SDDC Manager – ‘SSO Ring Topology’ Error when rebuilding additional VCF 4.x Workload Domains

I’ve recently been working on a large VCF rollout with Dell which comprised of a management cluster and multiple workload domains. For those unfaimilar with VCF, each management and workload cluster has its own vCenter appliance, all created and managed through SDDC manager. To make things more complicated, the vCenters are configured in a single SSO domain (i.e vsphere.local) and configured with linked mode to save you logging into multiple vCenter interfaces.

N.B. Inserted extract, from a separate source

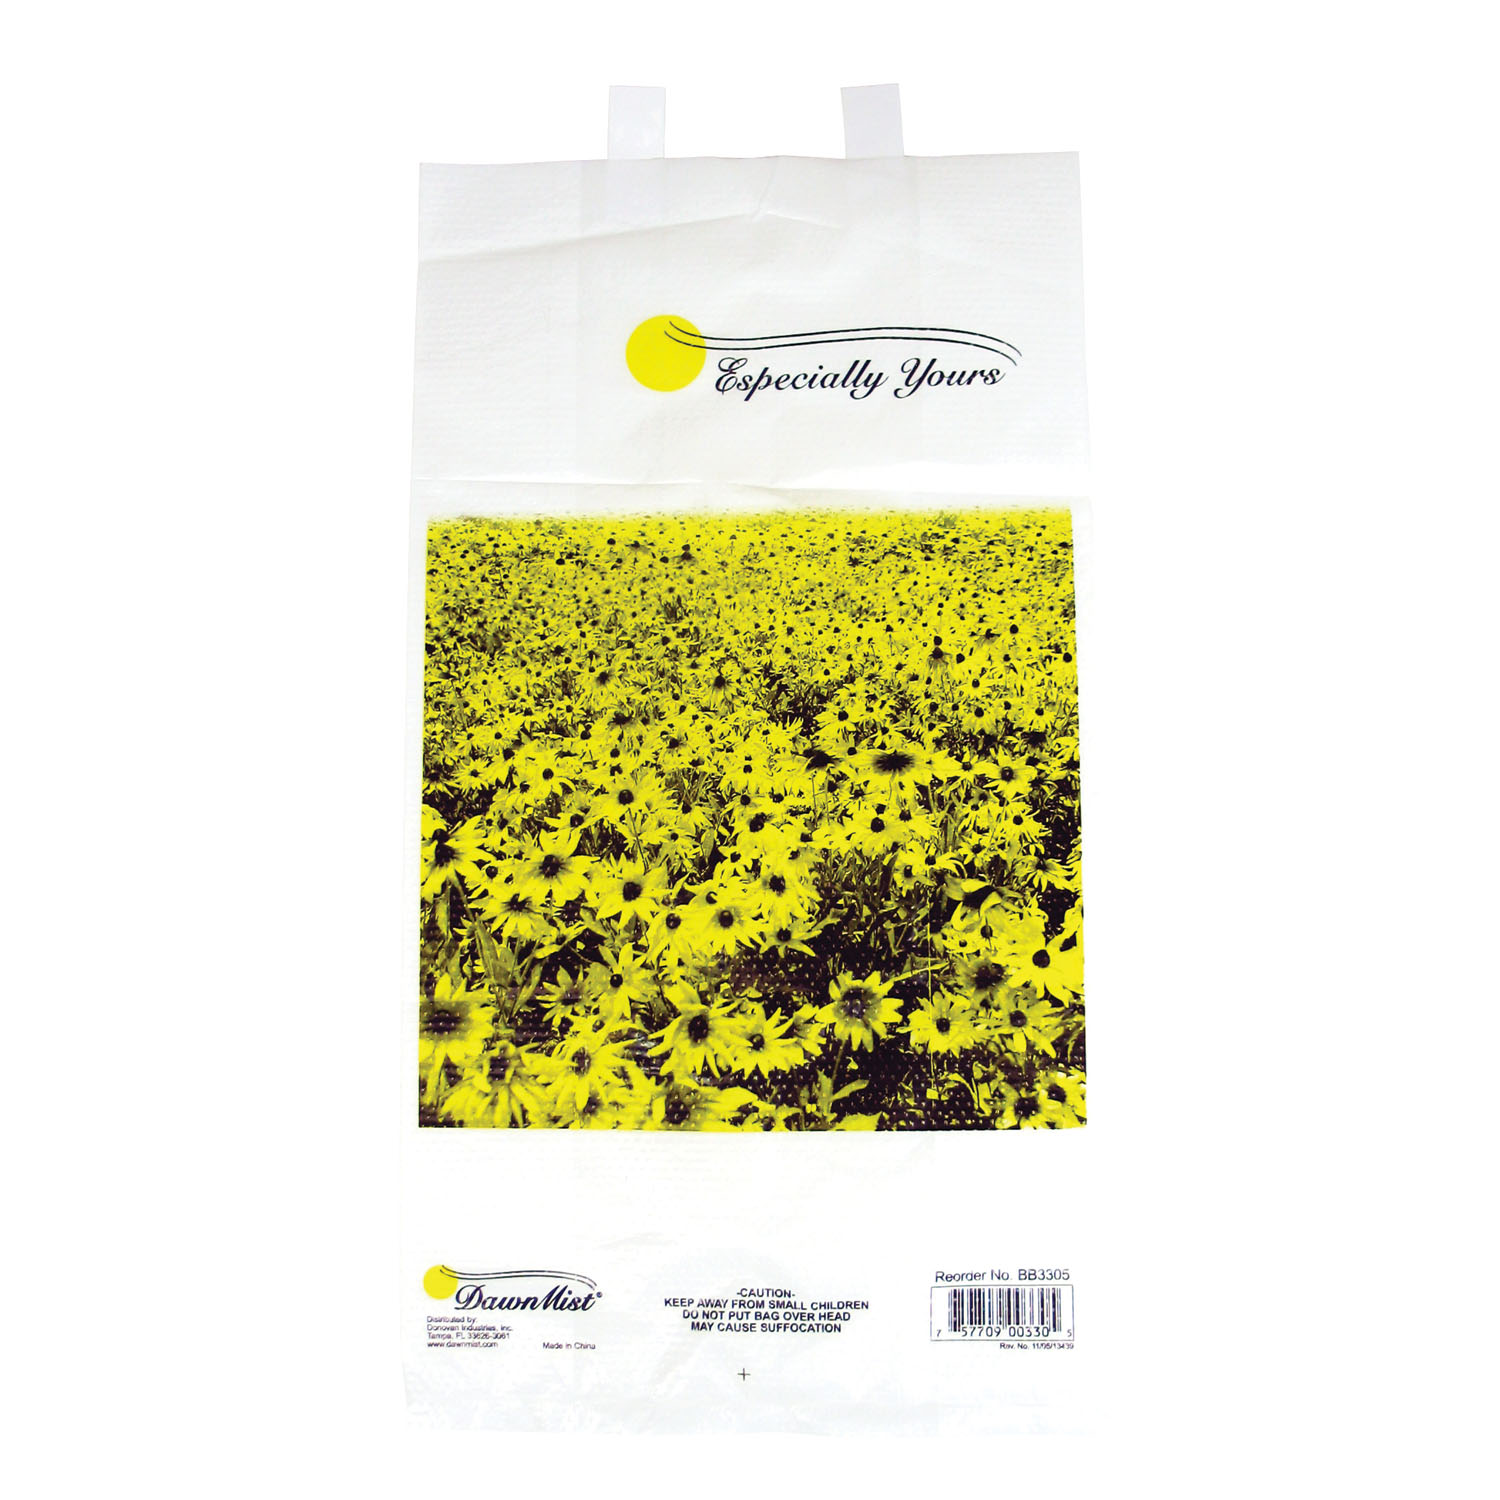 DUKAL DAWNMIST SPECIALITY BAGS : BB3305 PK $3.28 Stocked

Whilst VCF is a neat deployment option, it isn’t perfect and often things go wrong mid deployment of which requires a workload domain to be flattened and started again. The removal process of a problematic workload domain in the ‘Activiating’ state involves killing the tasks and removing the job from postgres in the SDDC manager. I will briefly go through the process of killing the domain before moving on to my SSO topology problem.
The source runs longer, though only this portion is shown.